Multisession stereotactic radiosurgery for large vestibular schwannomas.

OBJECT: Microsurgery is not the only option for larger vestibular schwannomas (VSs); recent reviews have confirmed the feasibility and efficacy of radiosurgery for larger VSs. This study illustrates the outcomes of a series of large VSs after multisession stereotactic radiosurgery (SRS). METHODS: A series of 33 VSs larger than 8 cm(3) (range 8-24 cm(3), mean 11 cm(3), median 9.4 cm(3)) were treated using the CyberKnife from 2003 to 2011 with the multisession SRS technique in 2-5 fractions (14-19.5 Gy). Five patients had undergone surgical removal and 5 had ventriculoperitoneal shunts. Nine patients were eligible for but refused surgery. Twelve patients were older than 70 years and 5 were younger than 40 years. Two female patients had neurofibromatosis.
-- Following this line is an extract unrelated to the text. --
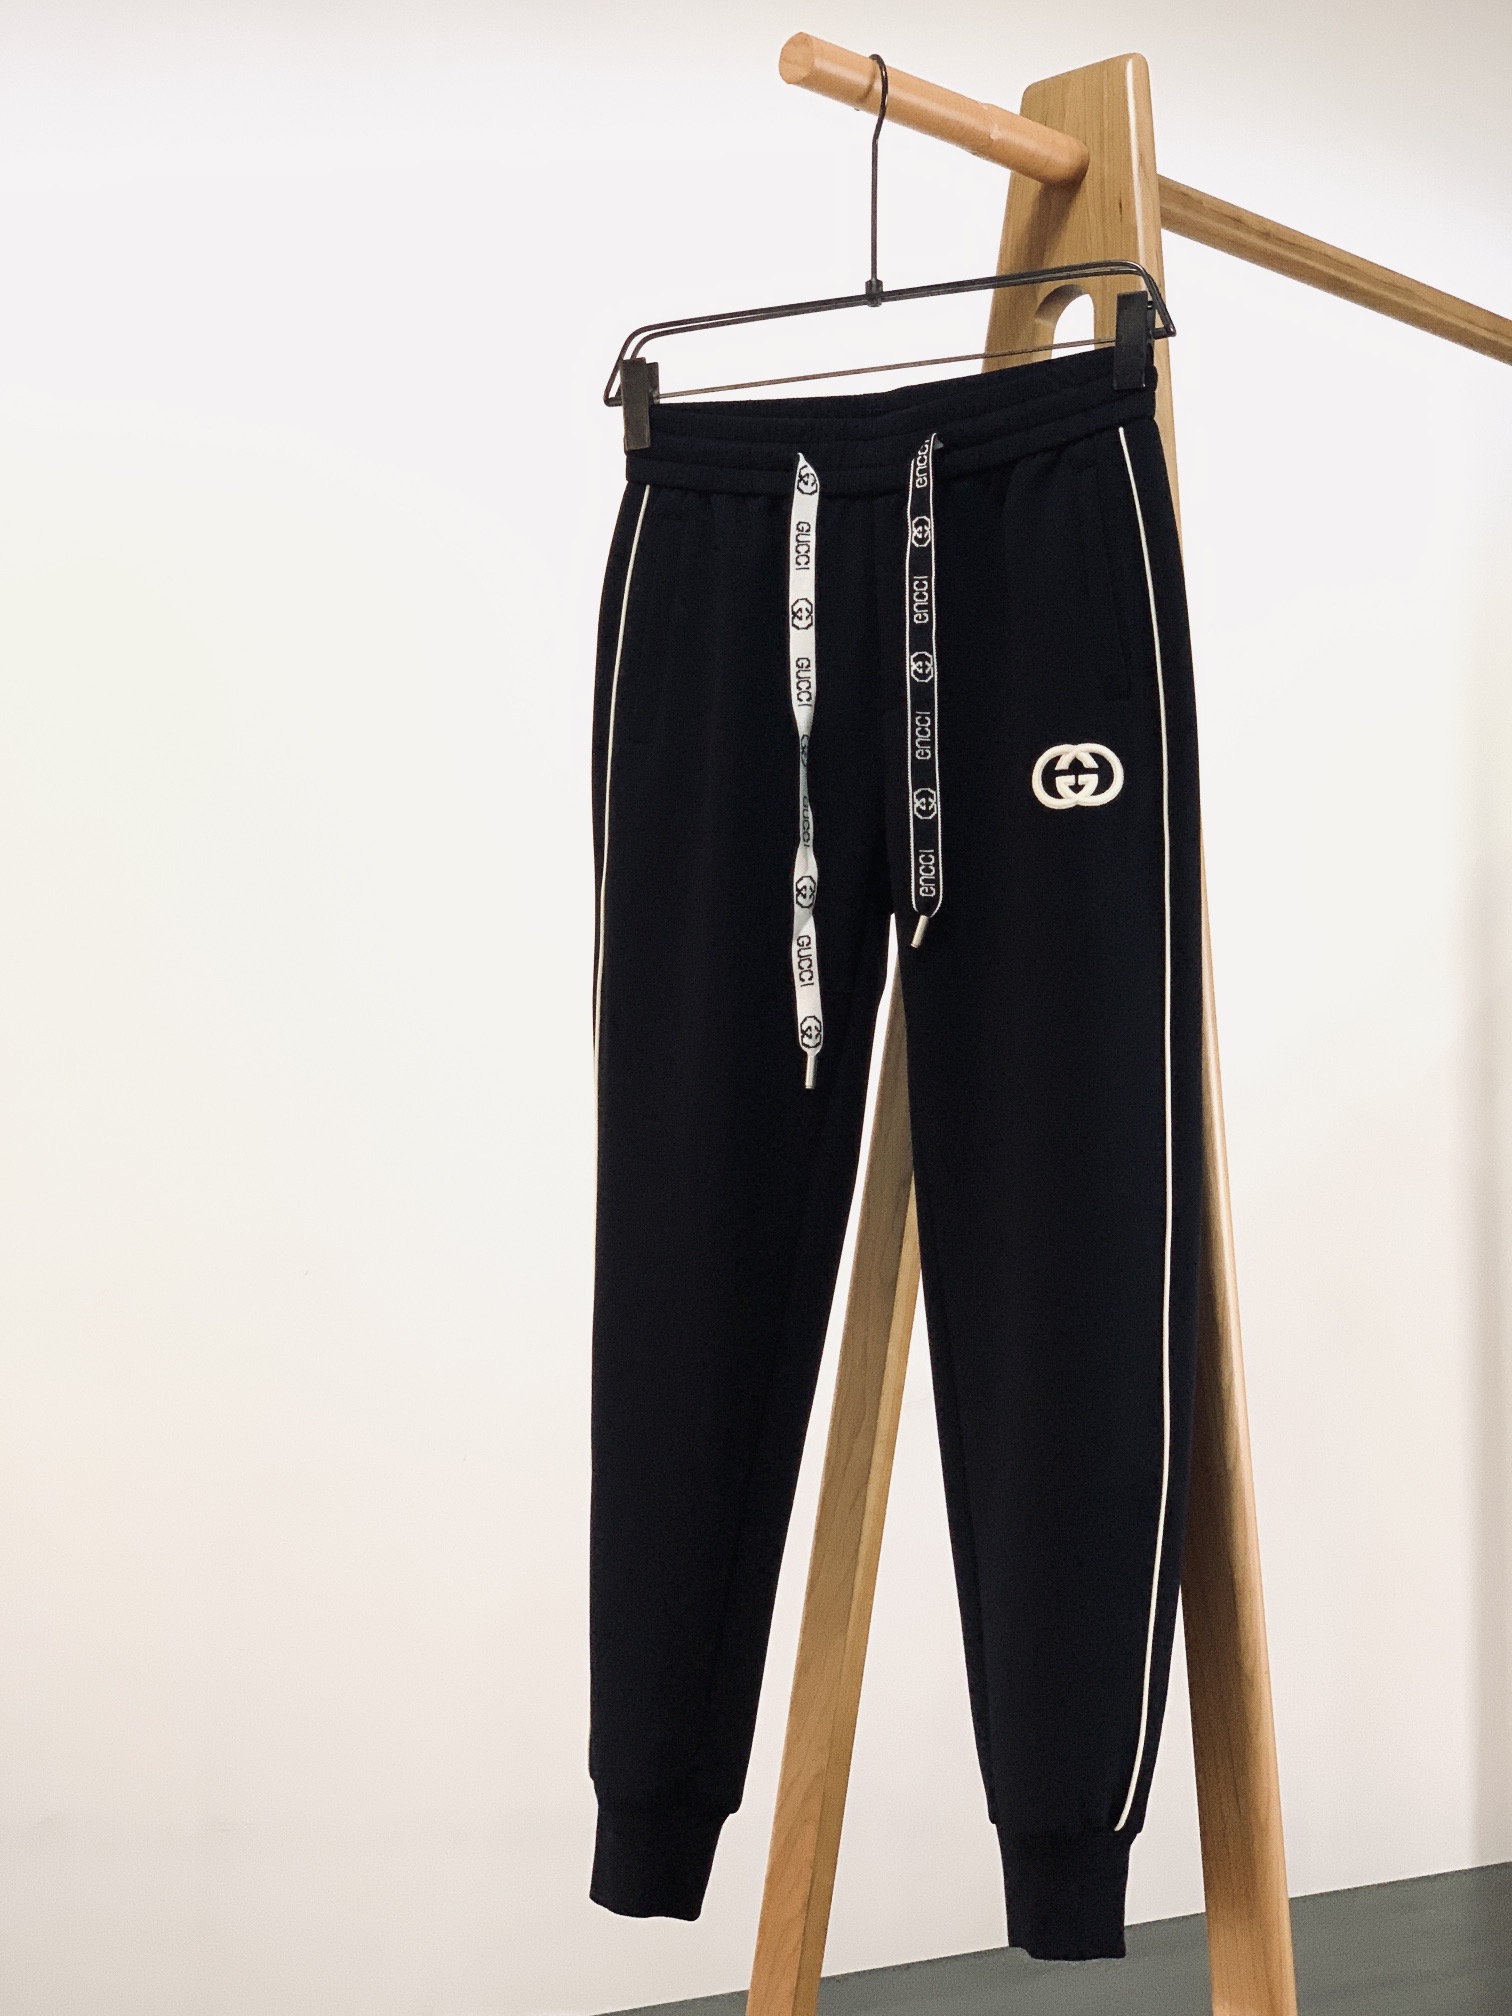 High Quality Designer
 Gucci Clothing Pants & Trousers Spring/Summer Collection Fashion Casual

RESULTS: The follow-up period ranged from 12 to 111 months (median 48 months); radiological growth control was achieved in 94% of cases: 19 tumors (58%) displayed no size variation or reduction in tumor diameter; 12 (36%), after a transient enlargement, presented with arrested growth or shrinkage. Seven patients had a volume reduction of more than 50%. Two patients (6%) needed debulking and 2 were treated with ventriculoperitoneal shunts. Actuarial progressionfree survival rates at 1 year and 5 years were 97% and 83%, respectively. Hearing was retained in 7 of the 8 patients with serviceable baseline hearing. Adverse events were limited to 1 case each of vertigo, tongue paresthesia, and trigeminal neuralgia. CONCLUSIONS: The good control rate obtained with multisession SRS deepens the controversy of the radiobiology of VSs and may extend the indication of radiation therapy (fractionated or SRS) for large VSs to include patients without symptoms of mass effect. The limited number of cases and short follow-up period do not provide sufficient support for widespread application of multisession SRS in young patients. Further studies with multisession SRS are warranted.